简体   繁体   English

使用Java中的SAX解析器从xml文件中提取xml节点(不是文本,而是完整的xml)以及其他测试节点

[英]extracting xml node(not text but complete xml ) and with other test nodes from xml file using SAX parser in java

I have to read from large xml files each ranging ~500MB. 我必须读取每个〜500MB的大型xml文件。 The batch processes typically 500 such files in each run. 批处理通常每次运行500个此类文件。 I have to extract text nodes from it and at the same time extract xml nodes from it . 我必须从中提取文本节点, 同时从中提取xml节点 I used xpath DOM in java for easy of use but that doesn't work due to memory issues as i have limited resources. 我在Java中使用了xpath DOM以便于使用,但是由于内存问题而无法使用,因为我的资源有限。

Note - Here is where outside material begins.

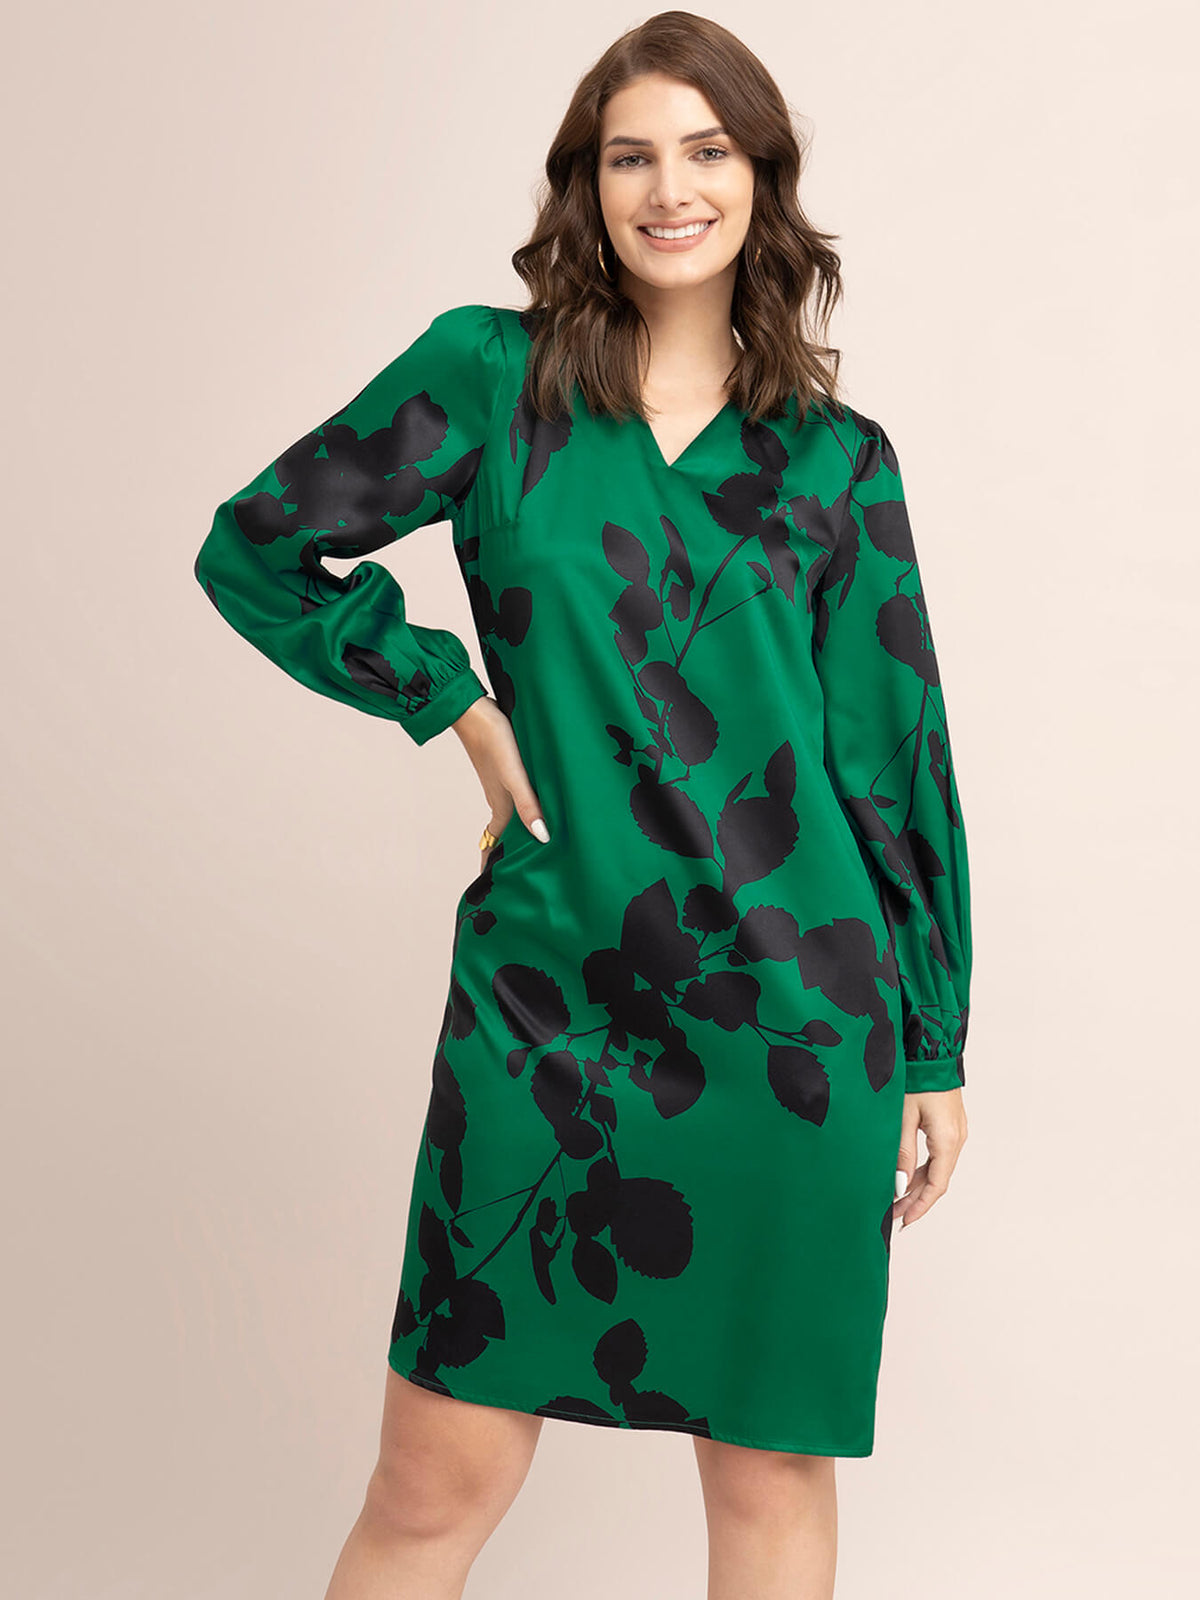 Satin Floral Print Shift Dress - Green And Black
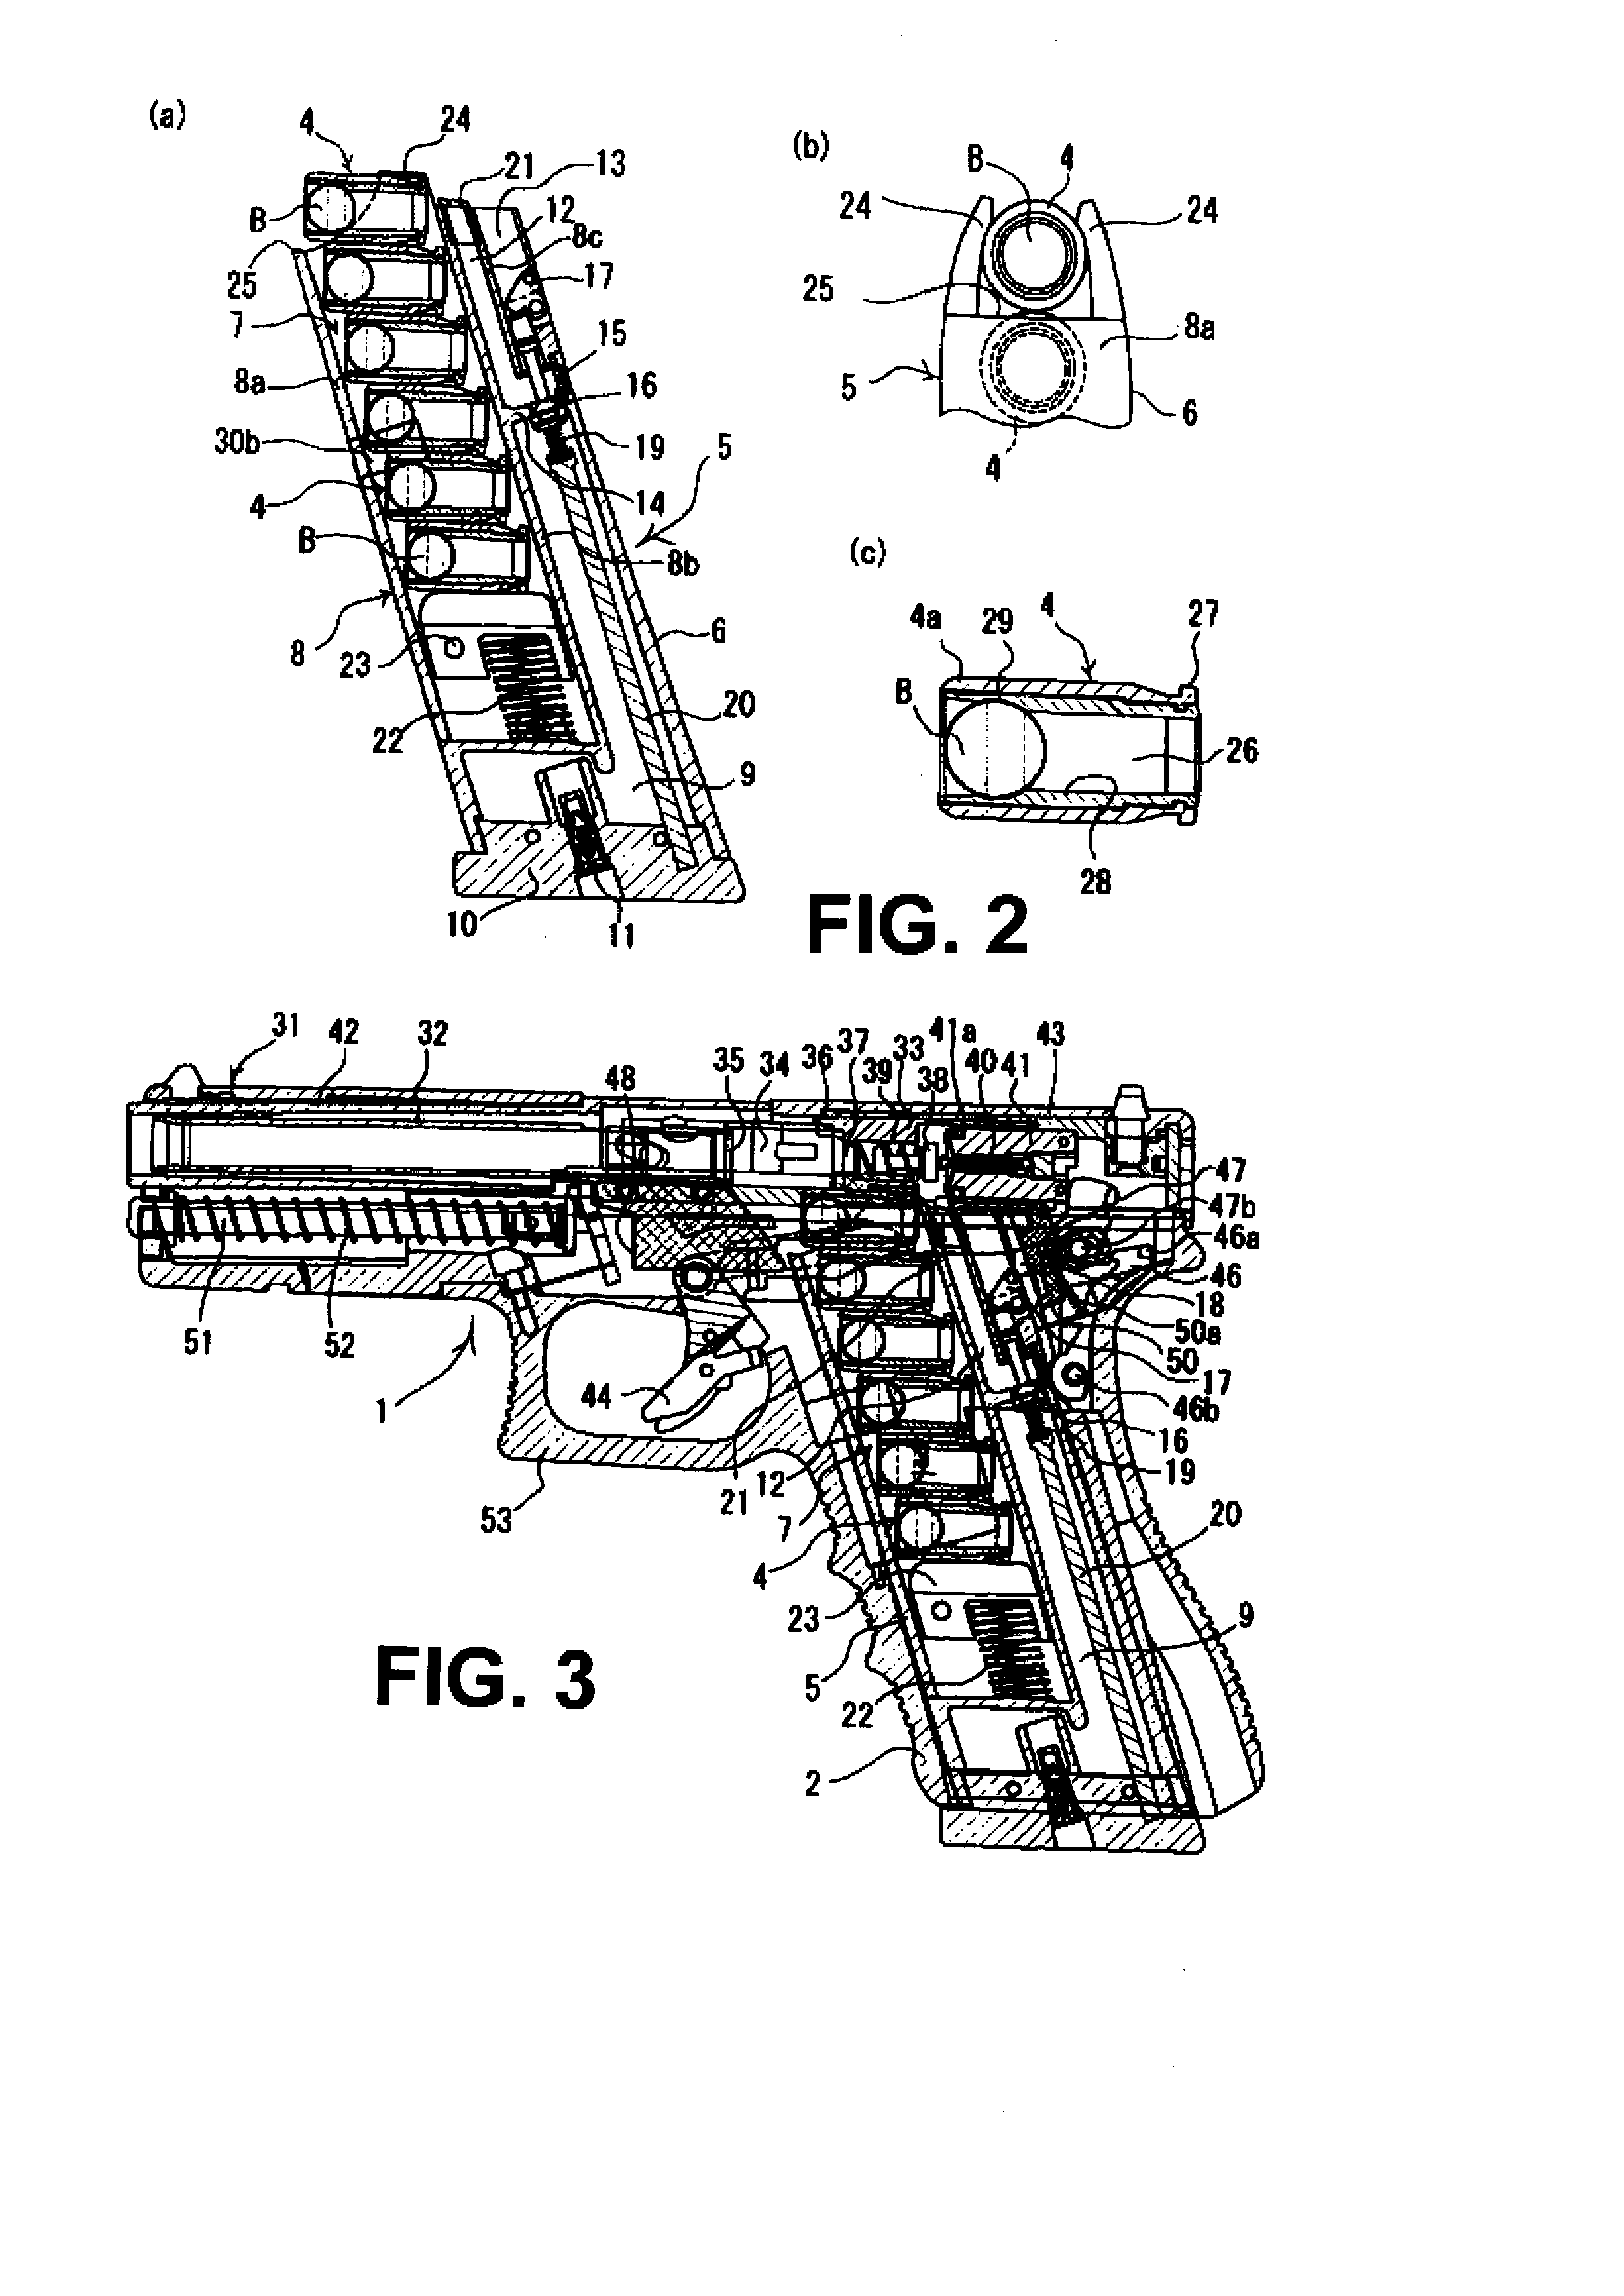 Cartridge-based air gun

I intent to use SAX or stax in java now - the text nodes can be easily extracted but i don't know how to extract xml nodes from xml using sax. 我打算现在在Java中使用SAX或stax-可以轻松提取文本节点,但是我不知道如何使用sax从xml提取xml节点。

a sample: 一个样品:

<?xml version="1.0"?>
<Library>
  <Book name = "ABC">
    <Author>John</Author>
    <PrintingCompanyDT><Printer>Sam</Printer><Printmachine>Laser</Printmachine>    
    <AssocPrint>Oreilly</AssocPrint> </PrintingCompanyDT>
  </Book>
  <Book name = "123">
    <Author>Mason</Author>
    <PrintingCompanyDTv<Printervkelly</Printer><Printmachine>DOTPrint</Printmachine>
    <AssocPrint>Oxford</AssocPrint> </PrintingCompanyDT>
  </Book>
</Library>

The expected result: 1)Book: ABC: 预期结果:1)图书:ABC:
Author:John 作者:约翰
PrintCompany Detail XML: 印刷公司详细资料XML:

<PrintingCompanyDT>
  <Printer>Sam</Printer>
  <Printmachine>Laser</Printmachine>
  <AssocPrint>Oreilly</AssocPrint> 
</PrintingCompanyDT>


2) Book: 123 2)本书:123
Author : Mason 作者:梅森
PrintCompany Detail XML: 印刷公司详细资料XML:

<PrintingCompanyDT>
  <Printer>kelly</Printer>
  <Printmachine>DOTPrint</Printmachine>
  <AssocPrint>Oxford</AssocPrint>
</PrintingCompanyDT>


If i try in the regular way of appending characters in public void characters(char ch[], int start, int length) method I get the below 如果我尝试以常规方式将字符添加到公共无效字符(char ch [],int开头,int长度)方法中,则会得到以下内容
1)Book: ABC: 1)图书:ABC:
Author:John 作者:约翰
PrintCompany Detail XML : PrintCompany详细资料XML:

Sam 
  Laser
      Oreilly

exactly the content and spaces. 确切的内容和空格。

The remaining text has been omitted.